_What to work on_: In the material below, the required lines run from the one containing "战舰世界亚服0.72版本赫尔墨斯行动爆料" through the one containing "t2informatik Blog: Elternzeit". Copy those lines exactly, ends included, and nothing else.

_Information provided_:
—————

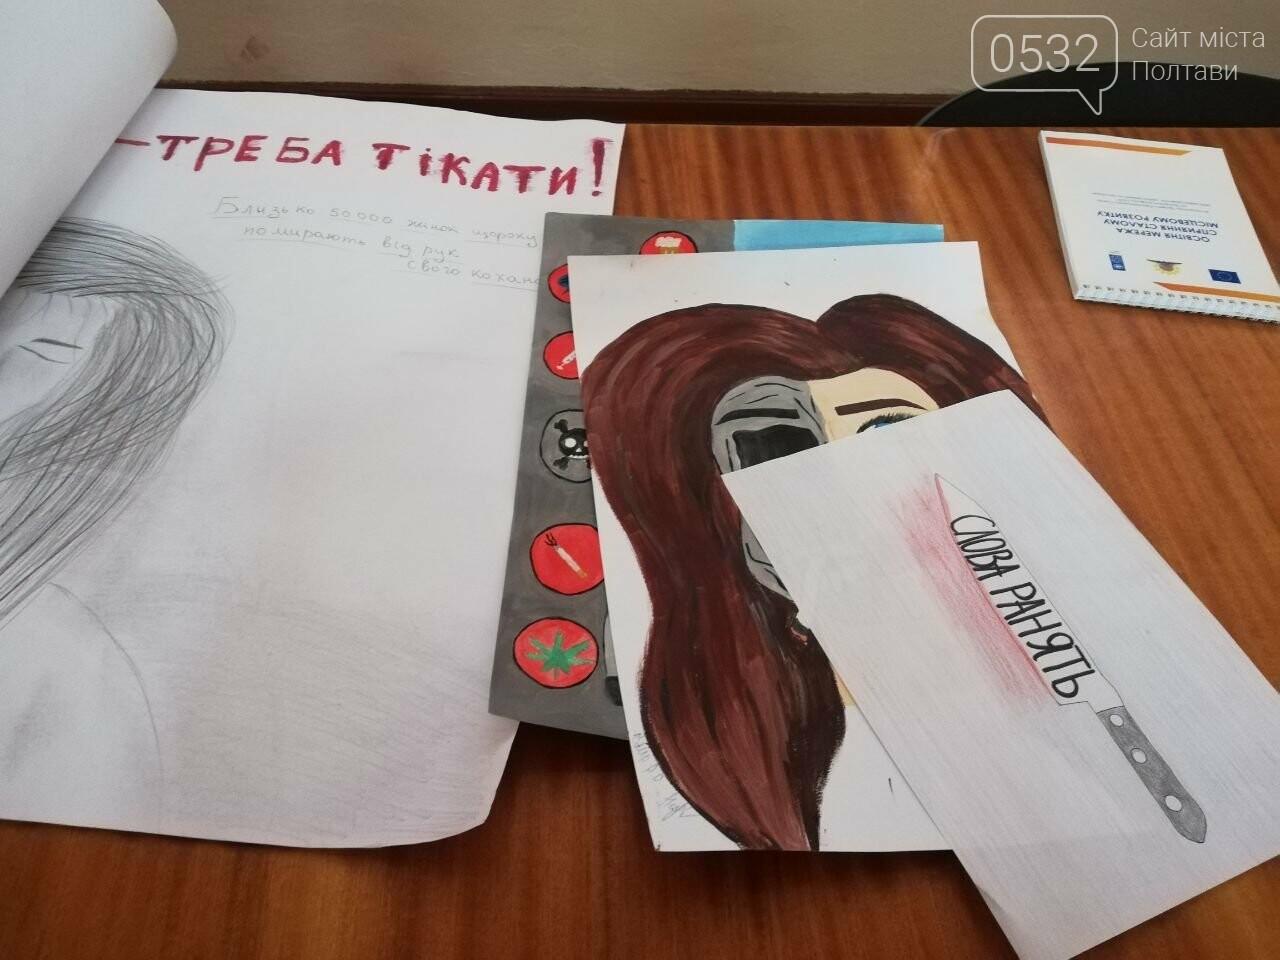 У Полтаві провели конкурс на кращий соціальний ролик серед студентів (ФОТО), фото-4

—————

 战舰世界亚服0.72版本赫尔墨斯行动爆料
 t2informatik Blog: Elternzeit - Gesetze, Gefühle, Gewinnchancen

—————

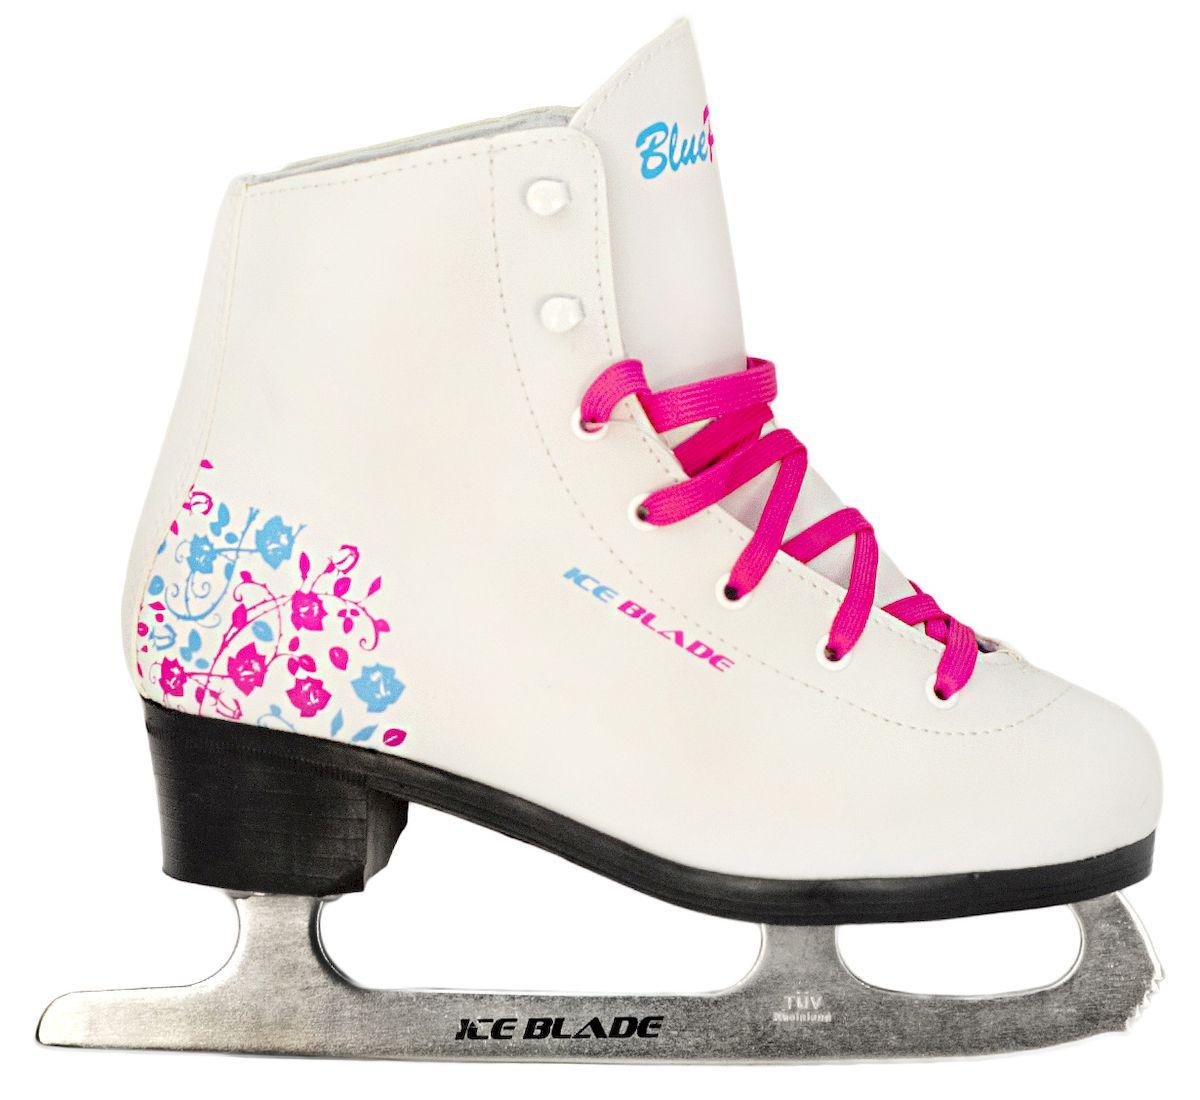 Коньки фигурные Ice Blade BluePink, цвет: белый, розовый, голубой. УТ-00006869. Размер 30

—————

_Output for this task_:
 战舰世界亚服0.72版本赫尔墨斯行动爆料
 t2informatik Blog: Elternzeit - Gesetze, Gefühle, Gewinnchancen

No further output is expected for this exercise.